Tuesday, February 11, 2014

The Positive and Negative Unseen Effects of the FDA

Economists point out that the lives and value lost to consumers by the FDA’s long processing times are unseen. If I take a drug and die from it you see the dead body and the drug that caused my death. If I die because the FDA is processing a drug that saves my life, you wouldn’t be able to connect my death as a necessary result of the FDA’s processing time. It is a simple point which should make people value the FDA less. But in the real world, people seem to respond by evaluating the benefits of the FDA all the more in order to preserve the total net value of the FDA.

There is a counter-point; we don’t always see the lives that would have been lost by not having the FDA approve unsafe drugs. If I don’t take an unsafe drug because the FDA stopped it, then the FDA just saved my life.

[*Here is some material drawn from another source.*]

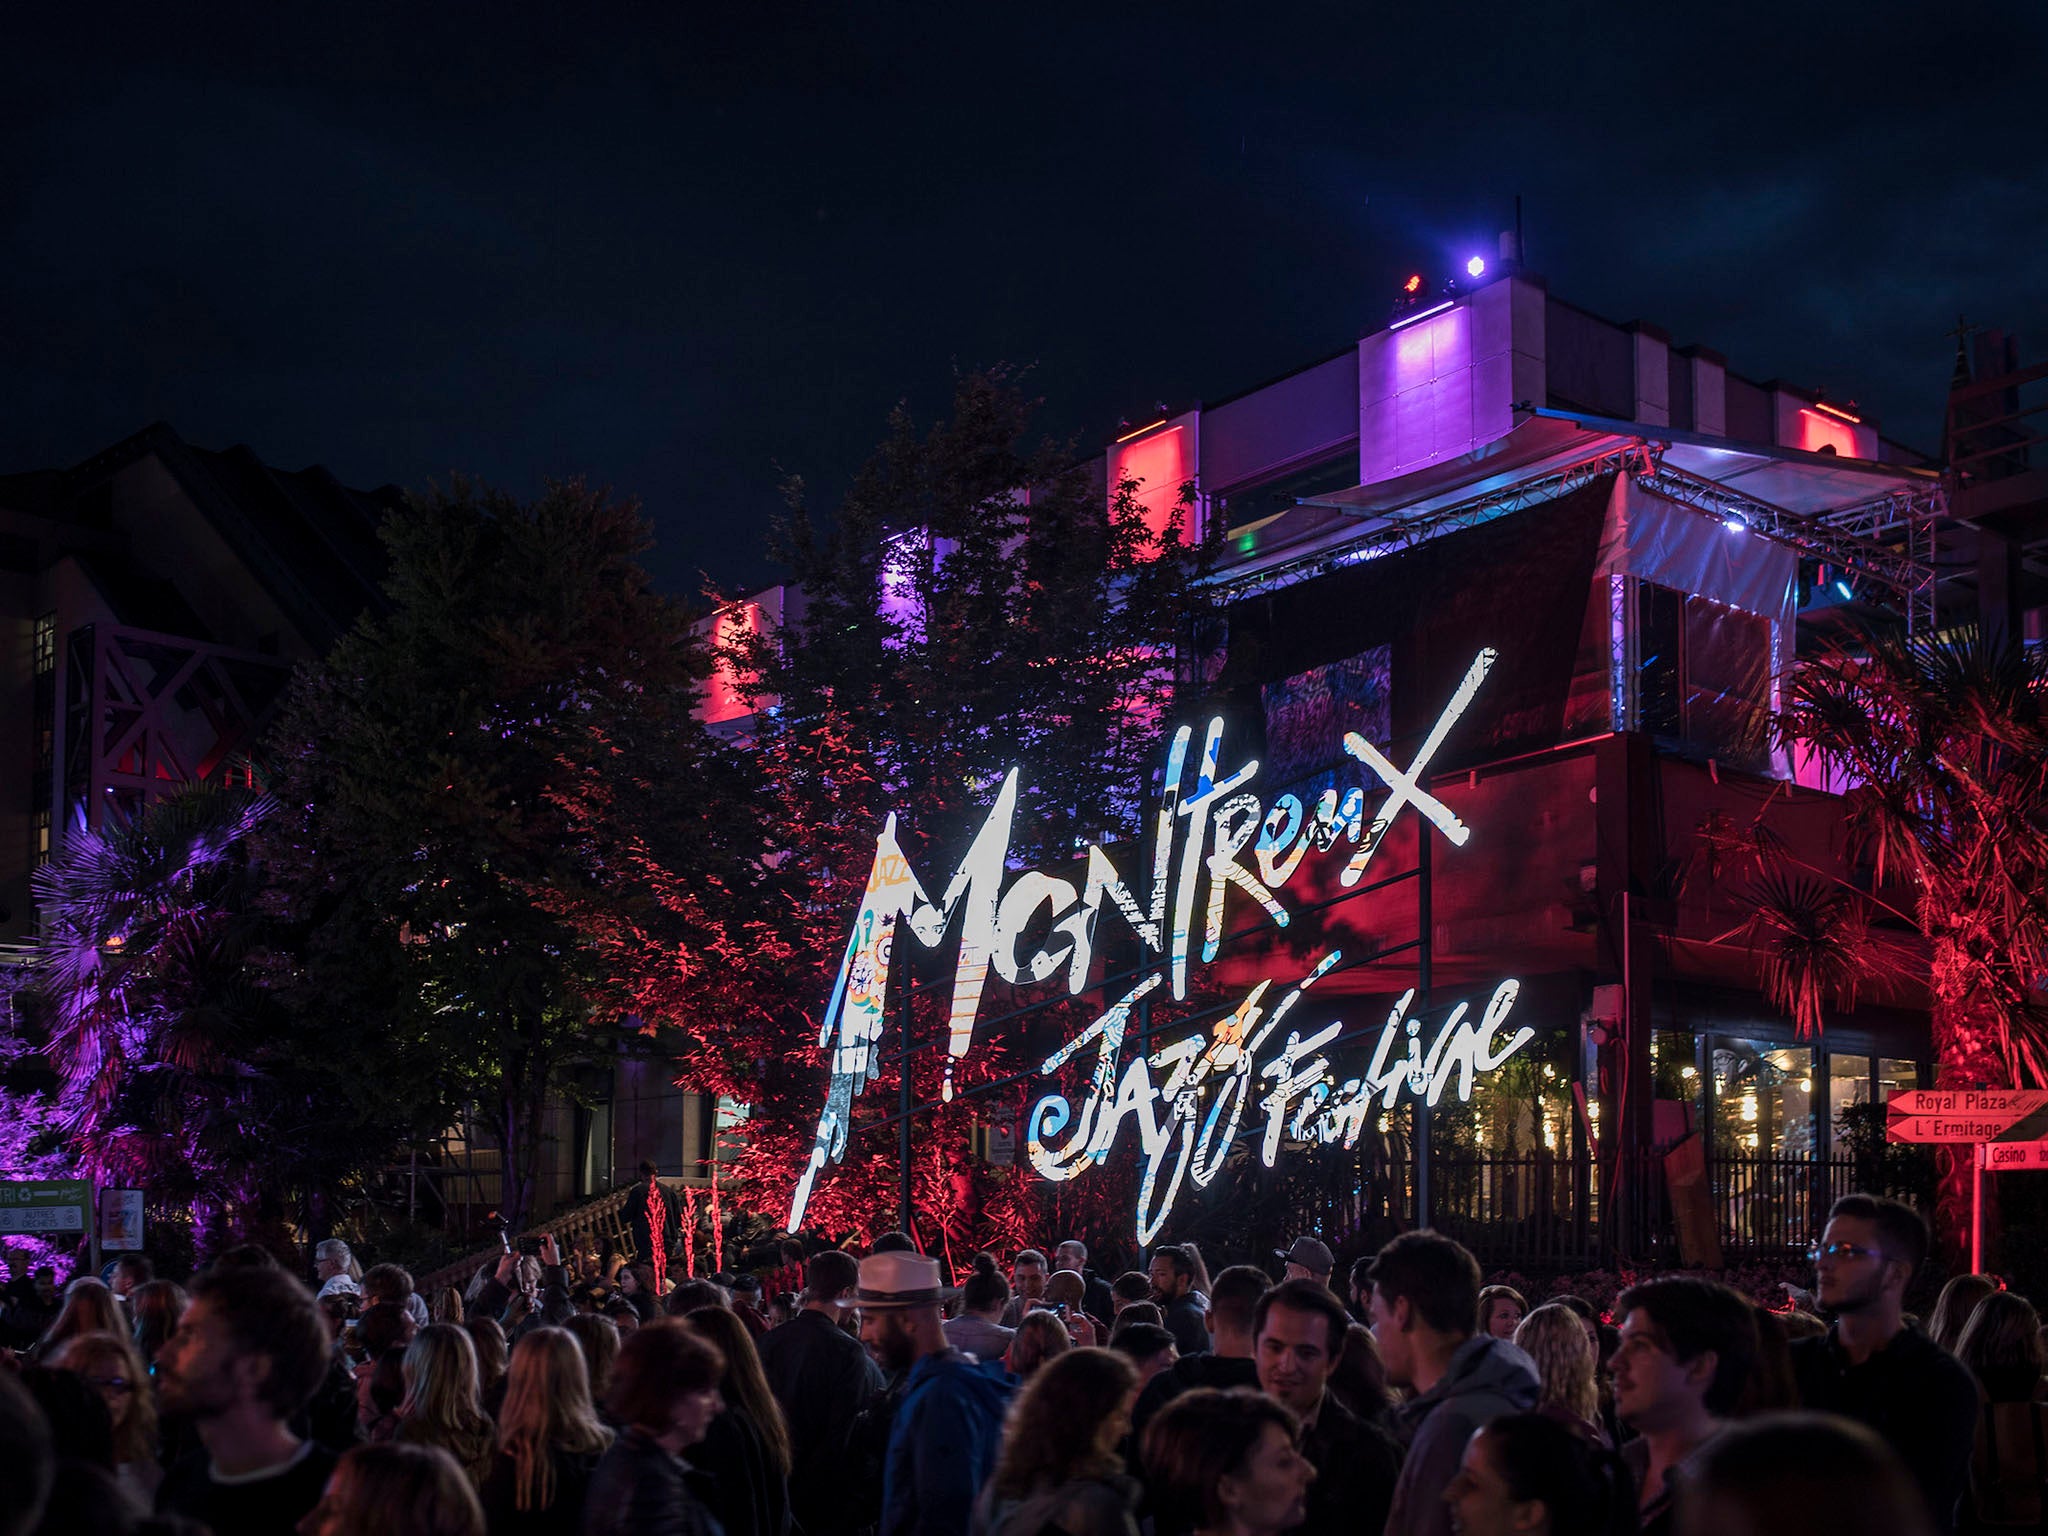 singles de montreux 2018 dates festival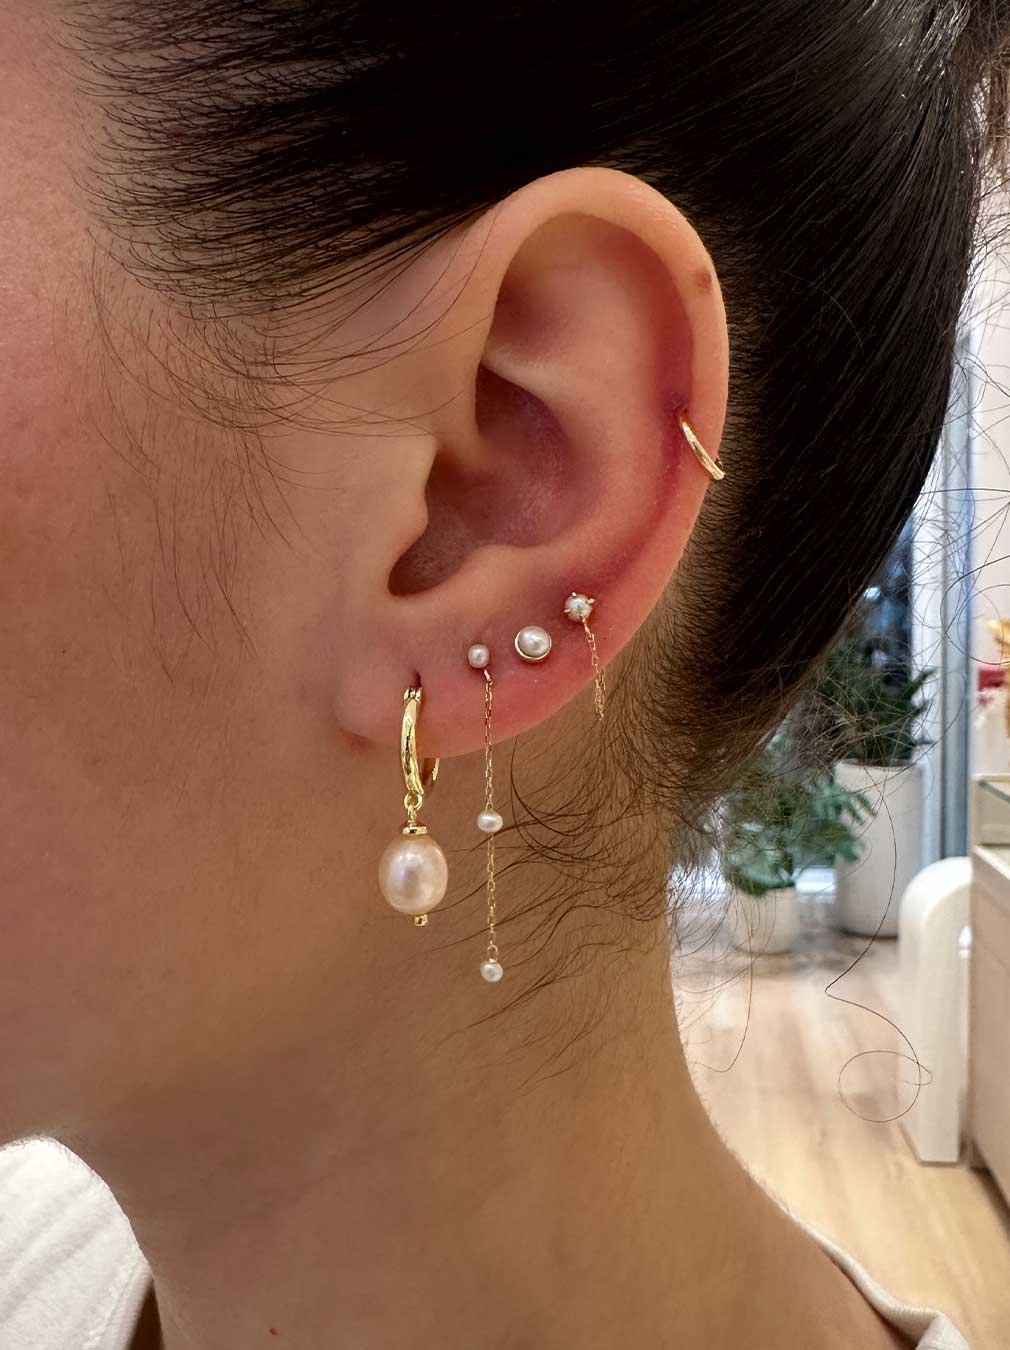 Woman wearing various pearl earrings

The problem with this is that with the first example, the public respond to the uncertainty of the unseen by necessarily overvaluing the FDA. People currently assess the number of people the FDA kills at 0. But with the second example, it is hard to see how the public could be responding to the uncertainty of the unseen by undervaluing the FDA. Everyone I’ve ever met thinks that the world would end without the FDA. They tell me that without government food and drug approval, nothing could stop big business from selling hazardous products. Really? Nothing? They believe with all their heart the story that once upon a time we had unrestricted capitalism, so foods and drugs were very unsafe, so the FDA was put in place, it bound capitalism and made it into the server of safe consumables.

Sounds really good if you buy into post hoc tales, but we have this great big other variable called general economic growth. Risk reductions are a good like any other good, so they have a price, general economic growth raises incomes and so people can afford to purchase less risk.

Given the ignore economic growth completely fallacy, it is hard to see how people are underestimating the benefits of the FDA. Radical pessimism is not a reasonable way to respond to uncertainty. I’d say that they’re probably overestimating it. I mean, when you take the vision people have of the world without the FDA, how much worse could the world get?